The costs are stored compressed and sorted by block QP, in the following
format:

Size (B)  | Description
----------+------------
4         | size:   Coeff group size, in int16's
4         | ccc:    Coeff group's coding cost
size * 2  | coeffs: Coeff group data

To analyze the costs by running a linear regression over them, build the two
tools using:

$ gcc filter_rdcosts.c -O2 -o frcosts_matrix
$ gcc ols_2ndpart.c -O2 -o ols_2ndpart

Then run the regression in parallel by running run_filter.py. The reason to do
it this way is because the data is stored compressed, so there is no way to
mmap it in Matlab/Octave/something; the data sets are absolutely huge (larger
than reasonable amounts of RAM in a decent workstation), but this way we can
store the data compressed and process it in O(1) memory complexity, so it can
be done as widely parallelized as you have CPU cores.

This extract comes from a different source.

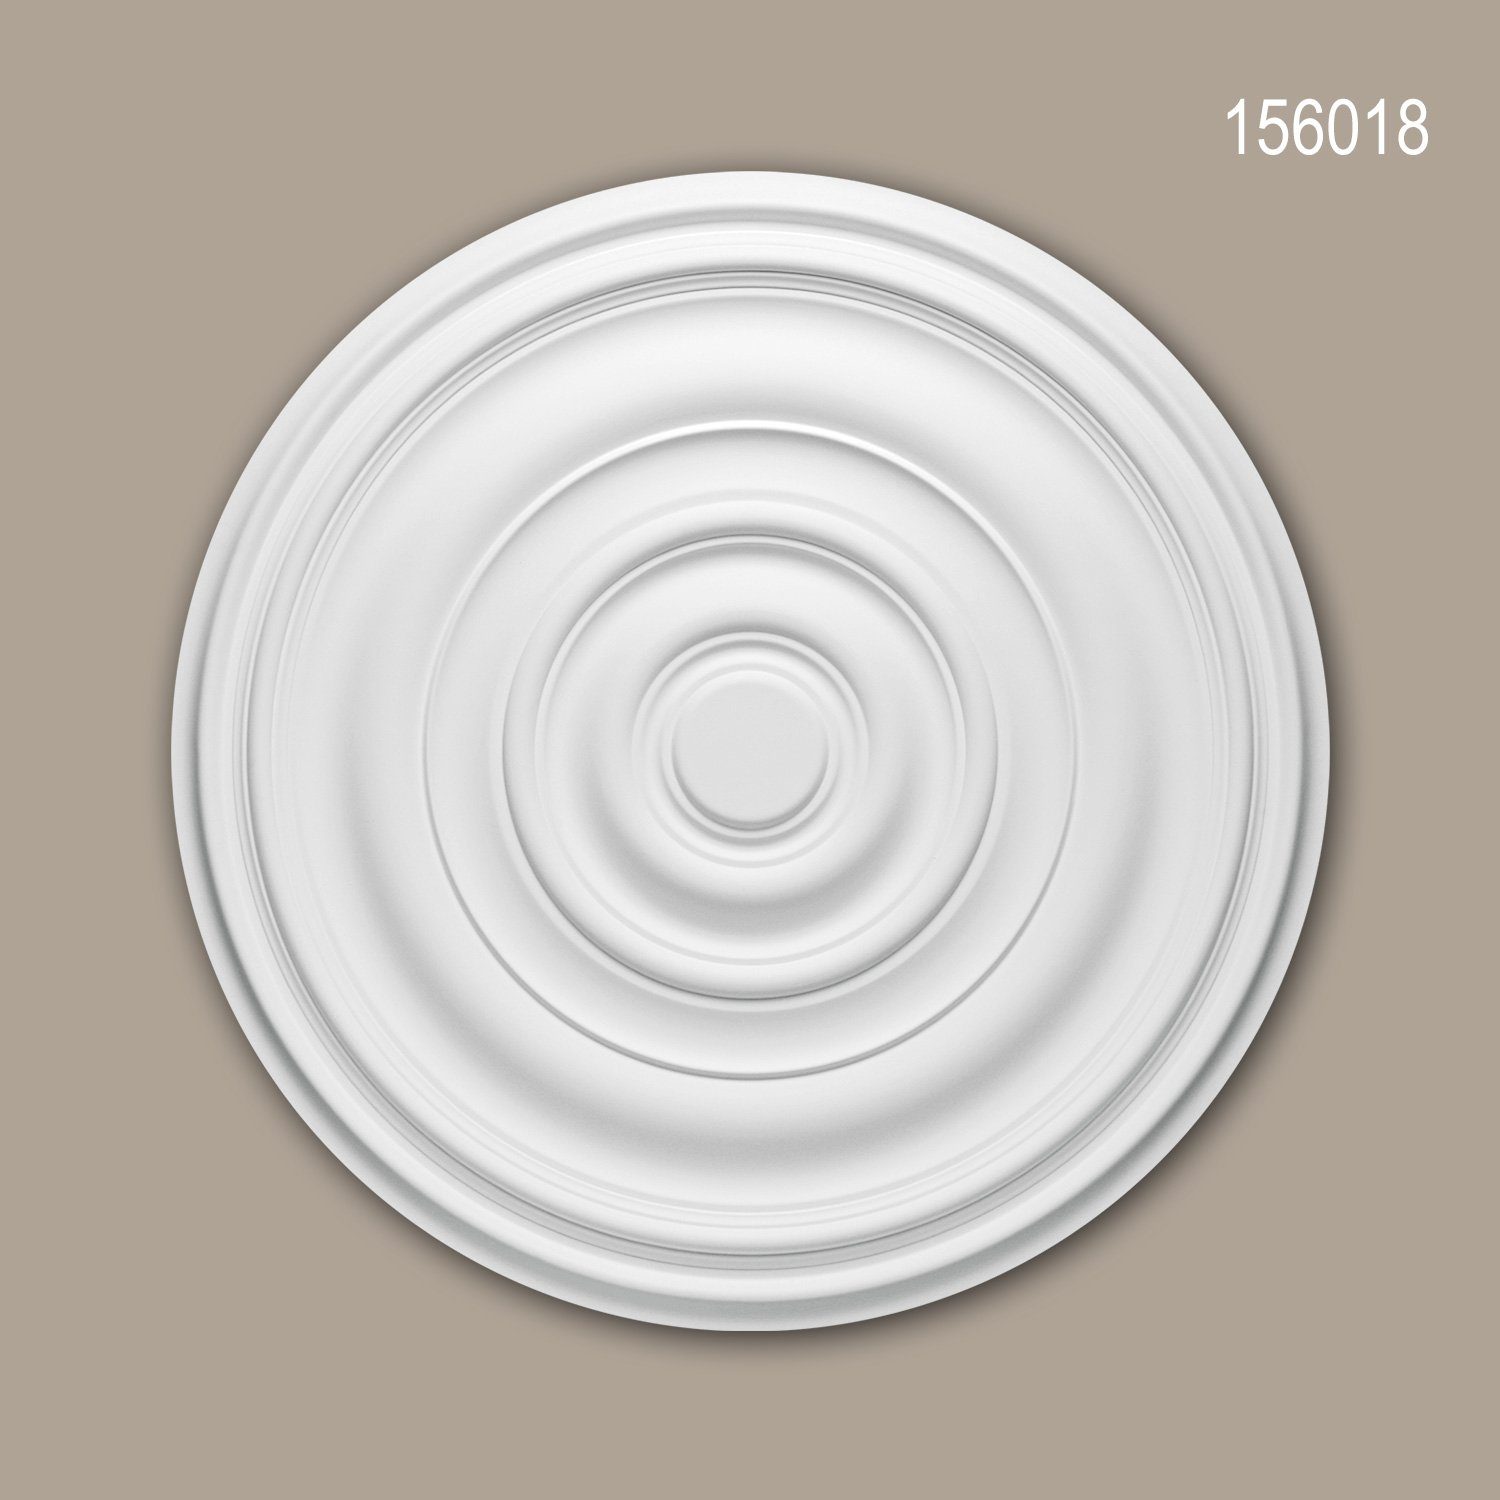 Profhome Decken-Rosette 156018 (Rosette, 1 St., Deckenrosette, Medallion, Stuckrosette, Deckenelement, Zierelement, Durchmesser 74,5 cm), weiß, vorgrundiert, Stil: Zeitlos / Klassisch | Wandobjekte

The result files each
consist of 4 numbers, which represent an approximate linear solution to the
corresponding set of costs: the price in bits of a coefficient whose absolute
value is a) 0, b) 1, c) 2, d) 3 or higher.

After that, run rdcost_do_avg.py. It will calculate a per-QP average of the
costs over the set of the sequences having been run (ie. for each QP, take the
results for that QP for each sequence, and calculate their average). This data
is what you can use to fill in the default_fast_coeff_cost_wts table in
src/fast_coeff_cost.h.